12 December 1999 Rev. 15 February 2000
PROJ99\MEDIAMET.MS
2,000 words
Jupiter and Media Metrix have now merged. For the latest from Jupiter Media Metrix see their web site or see if they have anything health-related in their press release list.
NEW YORK--Here's some marketing data on medical web sites that should be useful to medical writers who want to write for the Internet.
2 prominent marketing firms that cover the Internet are Jupiter Communications (whose editors we met at the Editorial Freelancers Association) and Media Metrix , which Charlene Laino mentioned at SWINY ). I called the 2 companies to see what useful information I could get out of them.

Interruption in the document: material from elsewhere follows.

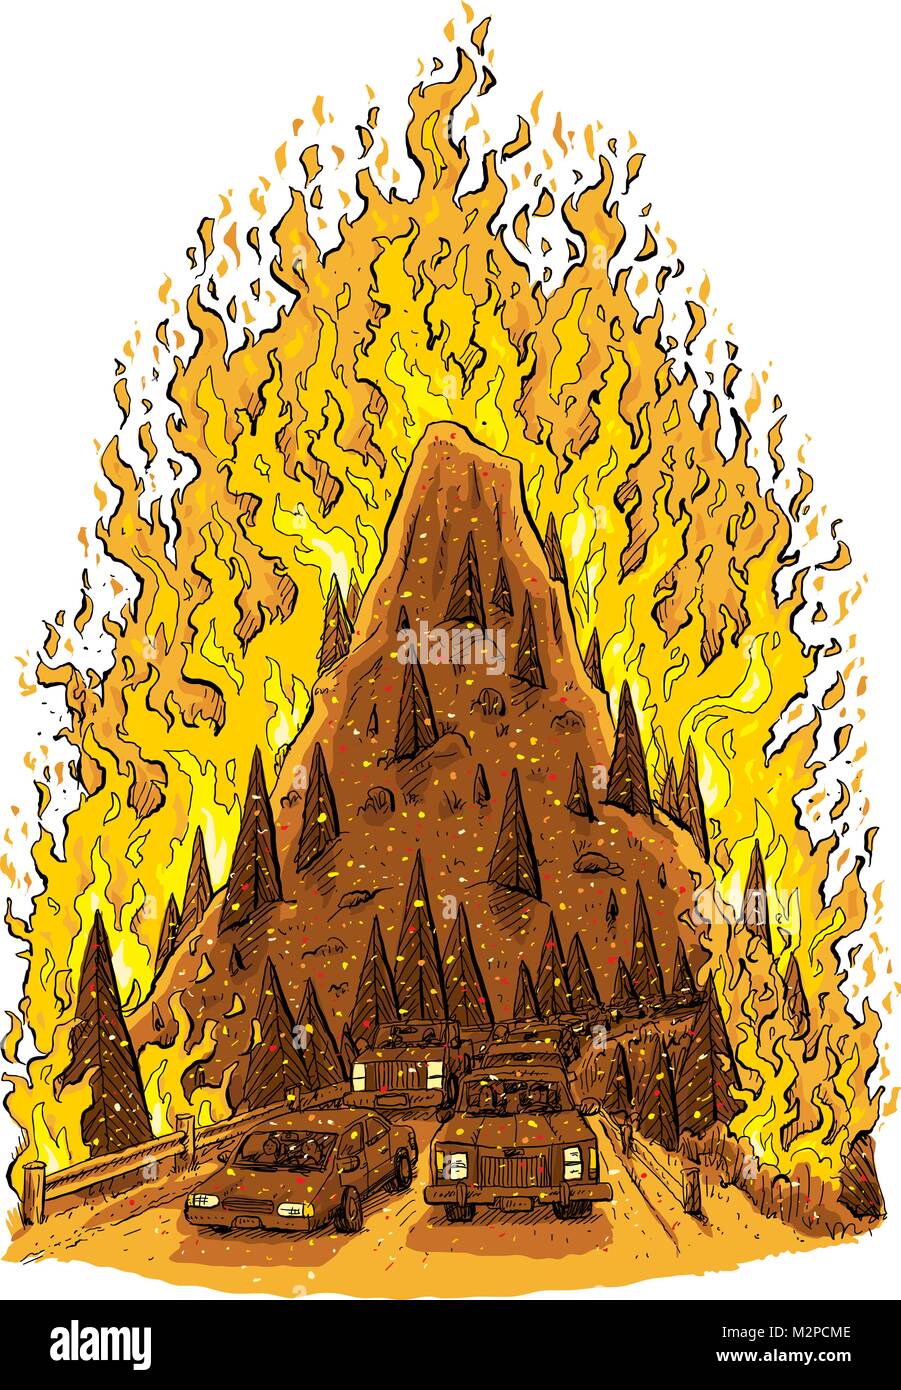 Eine Karikatur eines tobenden Waldbrand verbrauchen einen Berg Hügel mit einer Straße voller evakuieren Autos im Vordergrund. Stock Vektor

My quick evaluation of on-line medical information, after a mind-numbing surf of dozens of health web sites, reading the same news stories over and over again, and testing the sites with a few standard queries, is as follows:
Some sites provide good medical news. The best news reporting for doctors by journalists is WebMD, which uses freelancers on long-term contracts (rumored at $350 a story), with a news staff of 60. Reuters is close behind for news coverage. Medscape provides the best meeting coverage, written for doctors by doctors, not by journalists. The TV- and cable-affiliated sites like MSNBC and CNN are surprisingly good, though they're limited by the interests of their audience and the important subtleties of experimental design sometimes get truncated. The video sites also have good organization and search capabilities; other sites may have more detailed clinical information but it's hard to find what you need. Most major sites subscribe to Reuters, which usually supplies a good 1-source story (which however doesn't go to a searchable archive, so it's gone after a week). The university web sites are usually limited to their own experts. Many web sites are devoted to health, wellness, lifestyle, and alternative medicine; some are web sites that link to vendors, some are vendors that link to health content, and the boundaries are muddled. Alternative medicine coverage ranges from science-based and balanced to fraudulent promotion. Financial disclosure is muddled. Ethics is muddled. For example, DrKoop.com uses "news" stories on controversial subjects from the American Council on Science and Health with no disclosure that ACSH's research is often funded by one of the parties to the controversy.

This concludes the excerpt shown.